Trimming questions from the financial aid form, Sherwood said, could make it more difficult to determine who deserves tuition help, and how much they need.
Harry Amaral, director of enrollment services at the University of Rhode Island, said streamlining the FAFSA form marks an important incremental change. The application will be reformed further, he said, if questions about a family’s assets–information that cannot be found on a tax return–are removed.
The U.S. House of Representatives passed a bill in September that would eliminate those questions from the application. The U.S. Senate is now considering the legislation.
“Anything to make it simpler,” Amaral said. If the House bill passes both Congressional chambers, he said, “most of the items will already be filled out for [students].”
Johnson said the new online FAFSA form automatically will skip questions that don’t apply to certain students. For example, if a student says she is 24 years old–and therefore an independent–the FAFSA web site will not follow up with questions about parents’ income.

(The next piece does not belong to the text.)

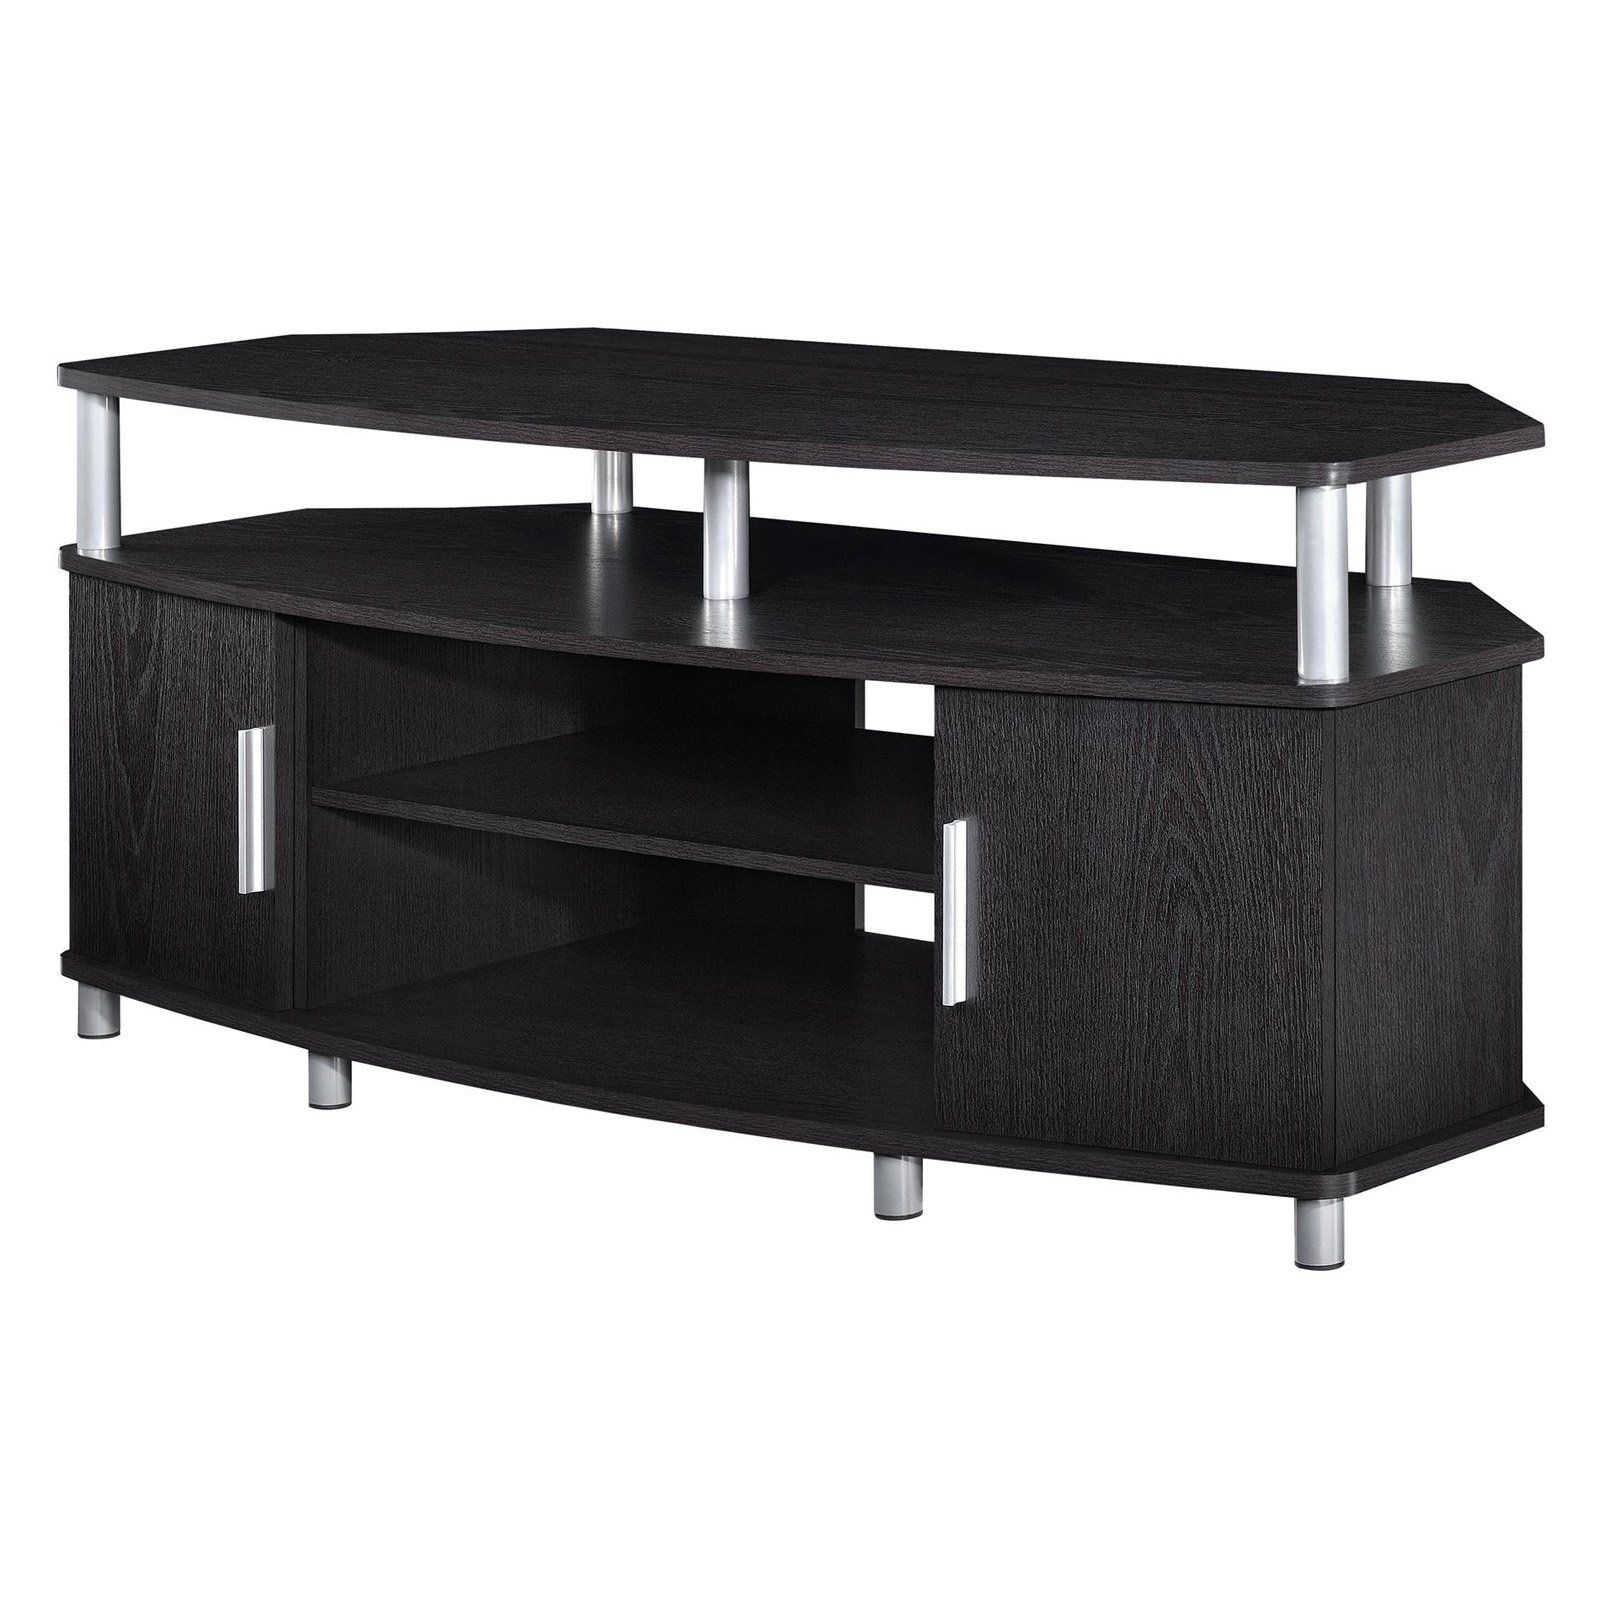 Most Recently Released Ameriwood Home Carson Corner Tv Stand For Tvs Up To 50 Pertaining To Lansing Tv Stands For Tvs Up To 50" (View 20 of 25)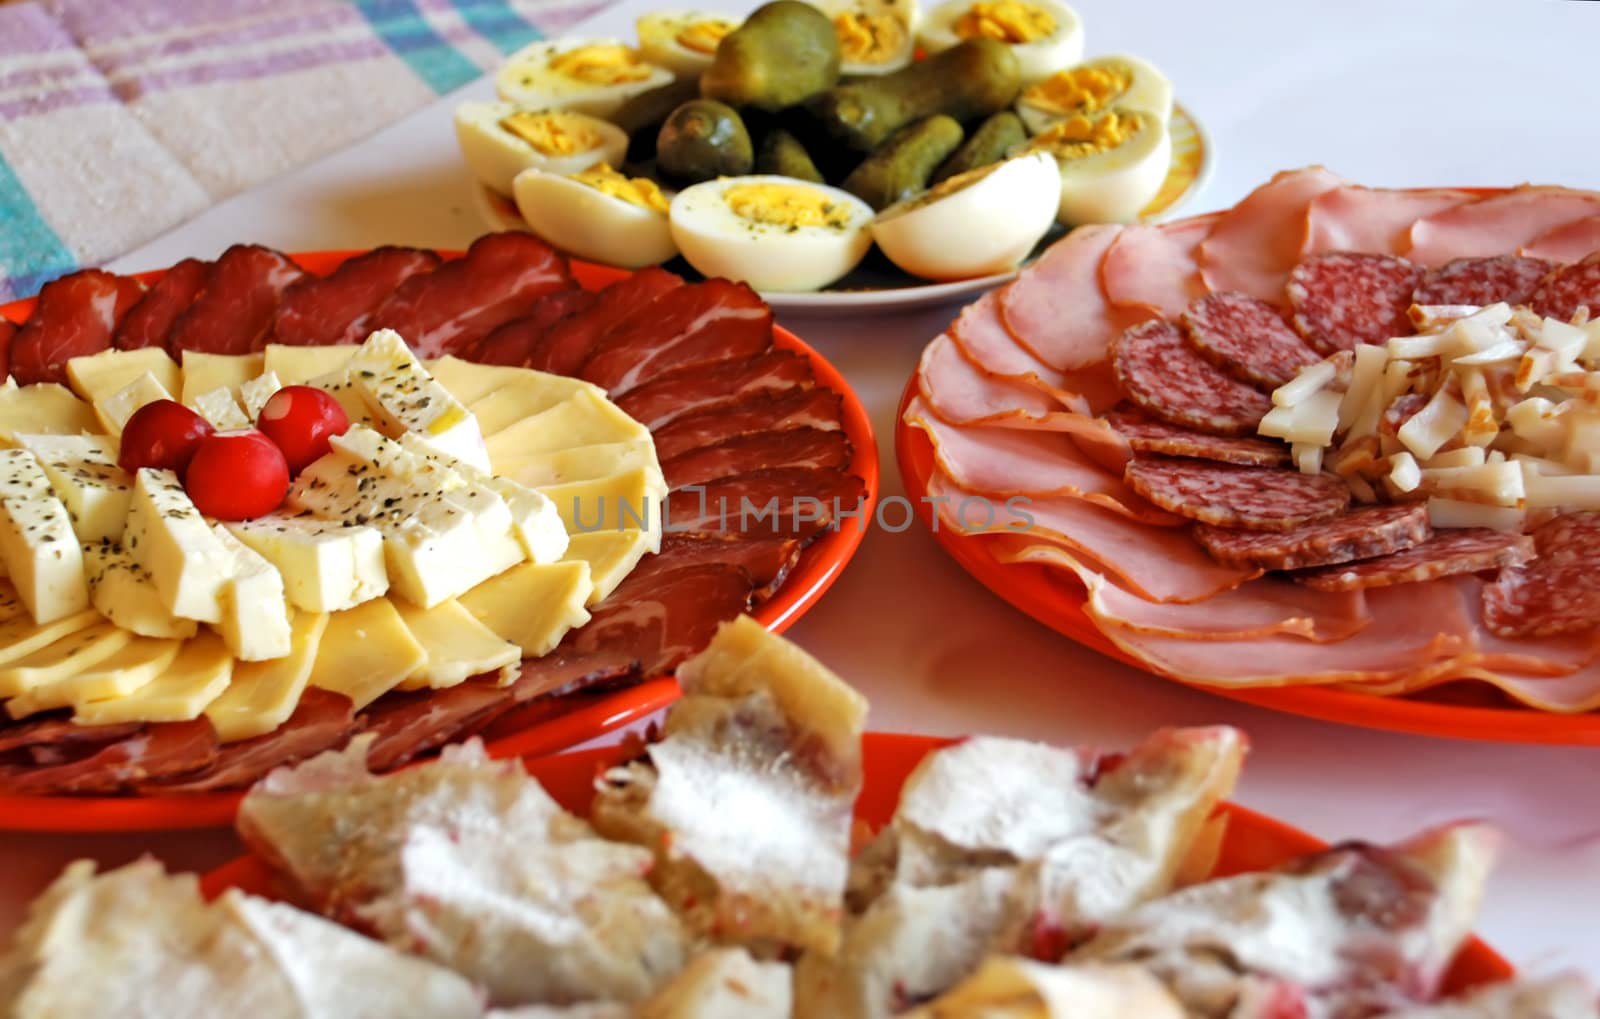 Appetizing meat dishes by simply

“The technology is getting better,” he said. “It’s getting smarter.”
Help text that clarifies definitions for applicants now will disappear when it’s no longer relevant–a change from help text in previous online FAFSA forms that crowded a large part of the computer screen.
Students should take about 30 minutes to complete the FAFSA form, Johnson said, and the simplified online version could save about 10 minutes.
“It’s not like you save half a day,” Johnson said. “If you have the information you need [to fill out the form], you can have no problem. The difficulty is when people see the question and they don’t want to put the answer down.”
Amaral said he has seen infrequent attempts to cheat on FAFSA forms.
“It’s really amazing how accurate and honest the great majority of people are,” he said. “They want to do it right, because they want to help their kid.”